Producers, due to their large market shares, benefit from economies of scale. Producers also benefit from the opportunity to create abnormal profits. While firms, through these profits, earn the ability to invest in product development, the probability of the same remains low, due to low competition. Musical artists are also seen as consumers of the distribution service provided by these firms. As such, they shall suffer due to the firms’ abnormal profit as they would receive lower and less competitive royalties.
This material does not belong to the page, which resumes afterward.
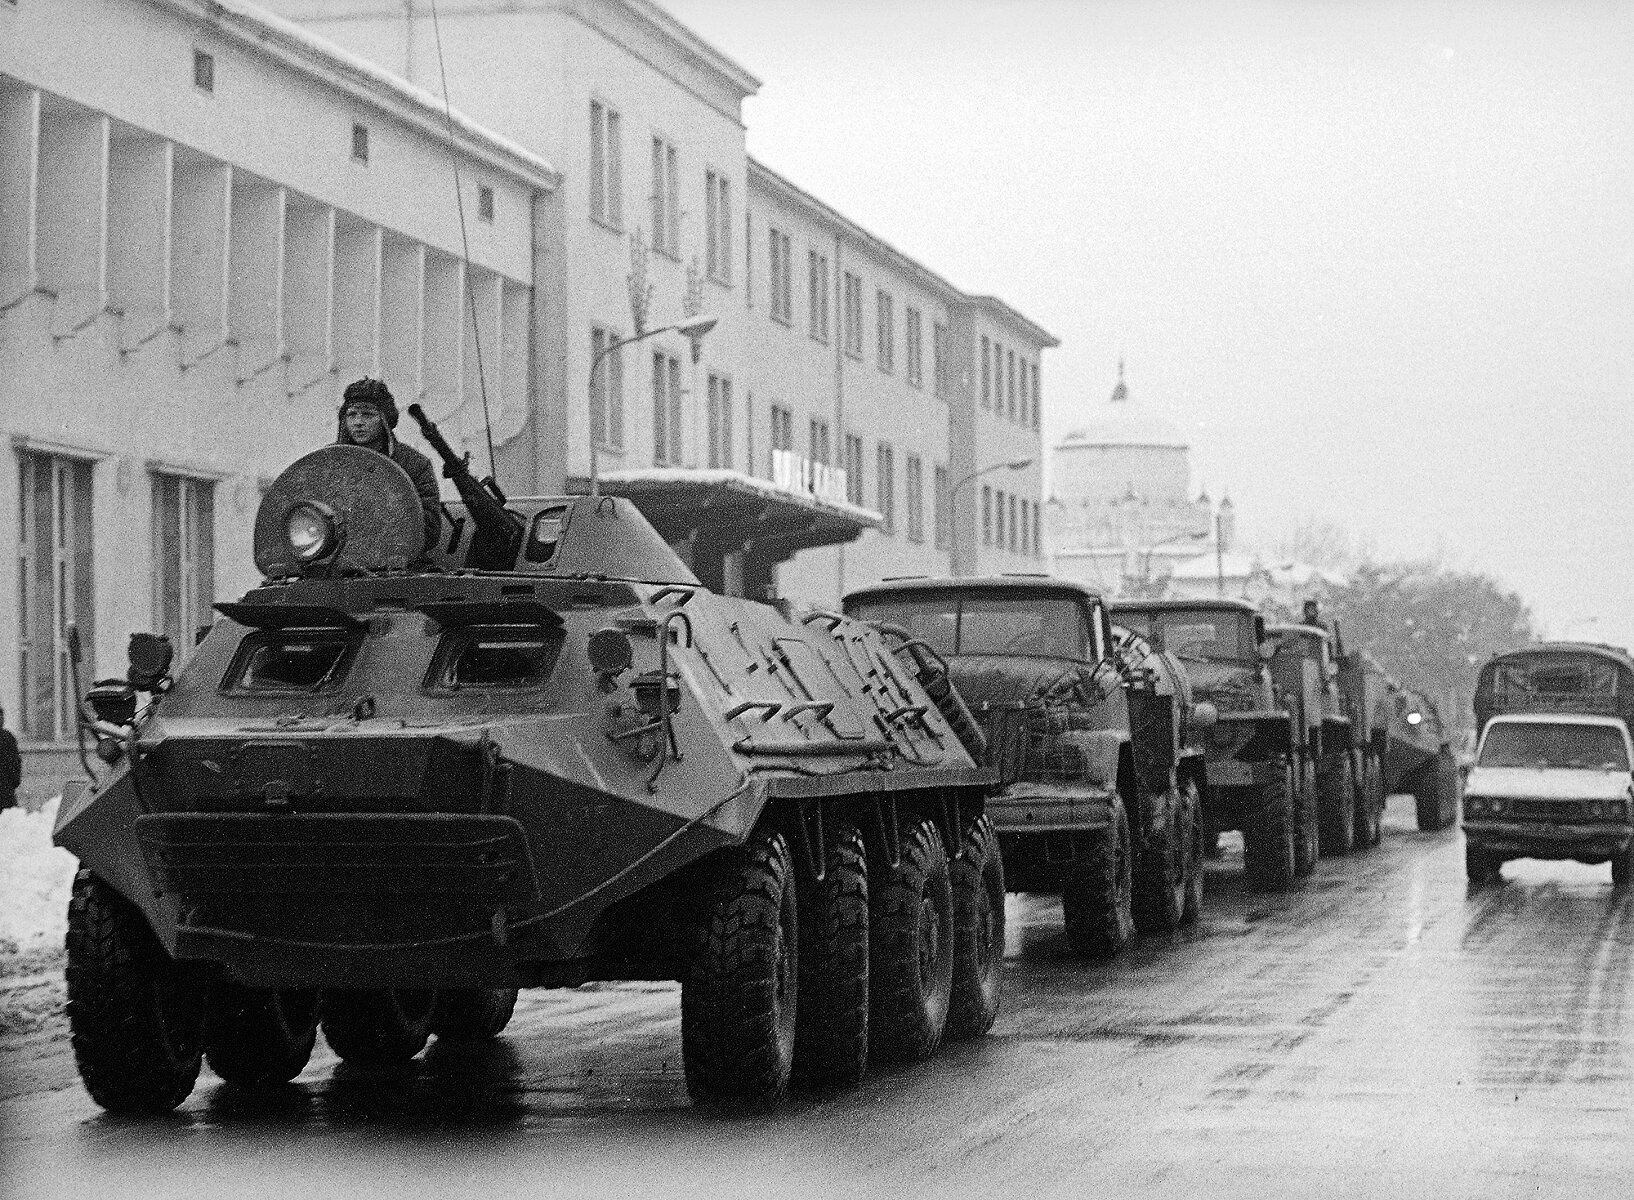 <p>Колонна советской техники движется в потоке гражданских машин в центре Кабула, 9 февраля 1980 года</p>
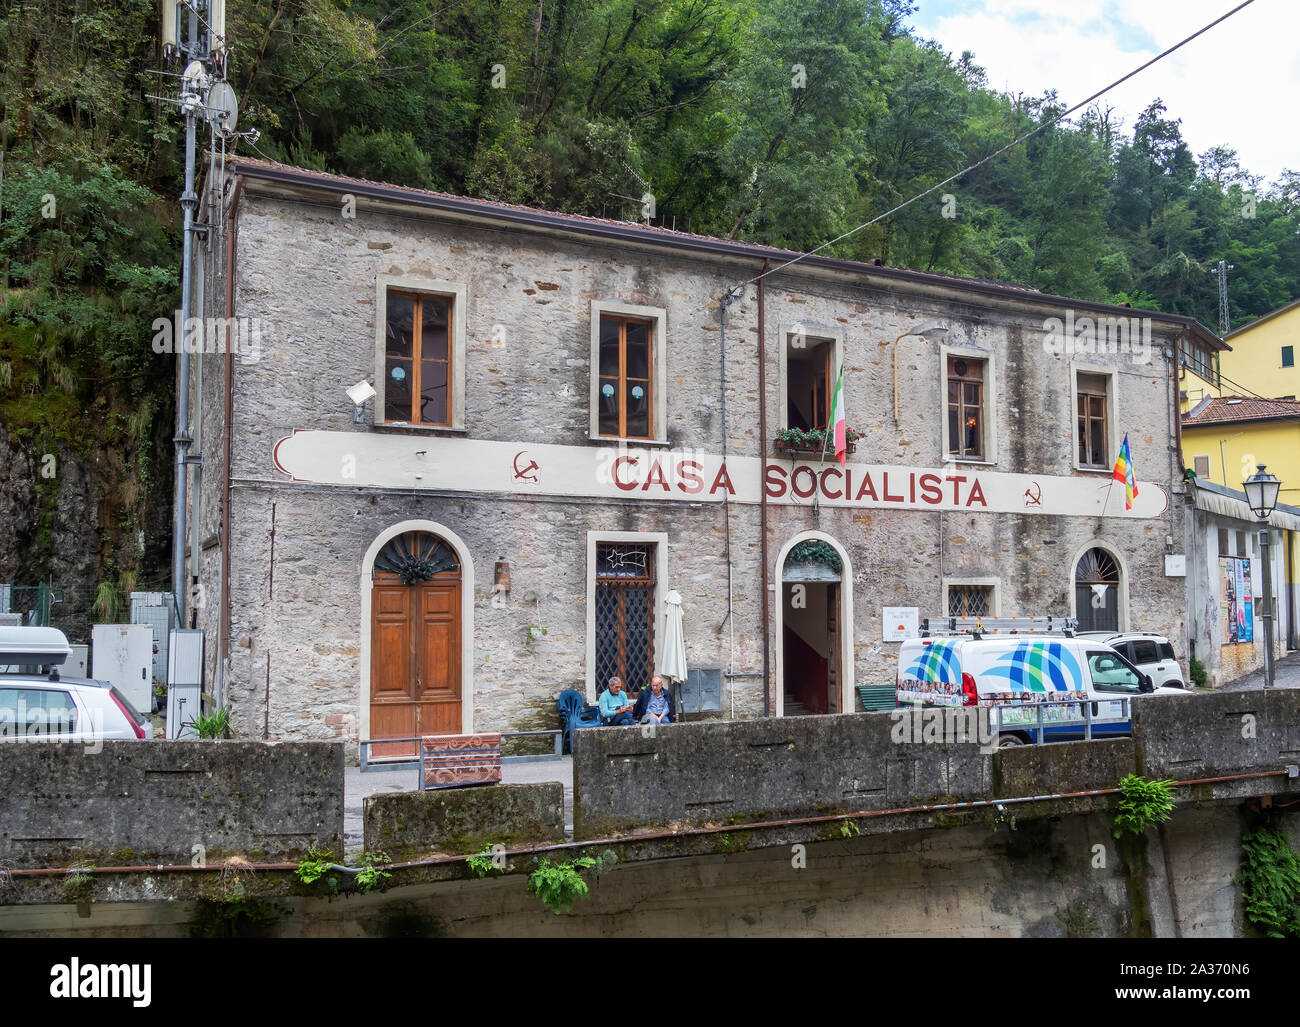 FORNO, Massa Carrara, ITALIEN - September 29, 2019: Blick auf die historisch bedeutsame Gebäude, die Casa Socialista ie sozialistische Haus. Stockfoto

Academic literature corresponding to this study was not found, for India. However, the results of this study are synchronous to research from the University of Montana, which studied industry statistics, revenue and price analyses and barriers to entry, showing that internationally, there is a low threat of new entrants into the market (Sletten, 2021). From this, we can infer high costs to entry and exit as well as oligopolistic behaviour.


Evaluation


Strengths


This study could execute strong quantitative analysis for the size and number of firms and price competition. The use of mathematics has improved the level of economic analysis possible. Qualitative data is well sourced, relevant and successfully supports the arguments made.


Limitations due to dataavailability and accuracy


Barriers to entry could have been determined further with primary input from firm representatives or government officials in competition regulation authorities. Further, legal barriers are often settled outside courts, preventing their public release. This study could not analyse such barriers.


Methodological Limitations


Secondary data used to analyse the size and number of firms relies heavily on 2 studies.A greater volume and variation of data would have allowed evenmore accurate analysis.


The primary data could be systematically biased, as over 50% of the respondents were of a single age group and most respondents were from a similar income bracket. However, this bias is accounted for and its data is restricted to qualitative analysis.


Product homogeneity could have been better analysed if consumer perception of product differentiation could also have been studied. While the primary data attempts to obtain this data, it is quite limited by its sample size and spread. More features and a quantitative analysis, such as integration with Internet of Things networks and Artificial Intelligence systems could have been analysed to determine differentiation, but have not, due to constraints of the length for this essay.


Numerical analysis of price competition has not accounted for pricing strategies set with qualitatively different features, varying across all firms, such as seasonal discounts, long-term pricing or corporate offers. This study can be expanded by comparing the unique pricing plans of each firm, accounting for all options.


Further Research


This investigation can be expanded upon by viewing different countries, attempting a quantitative analysis for all market features, investigating potential collusion within firms and obtaining a greater sample of primary data, from the general public and firm representatives.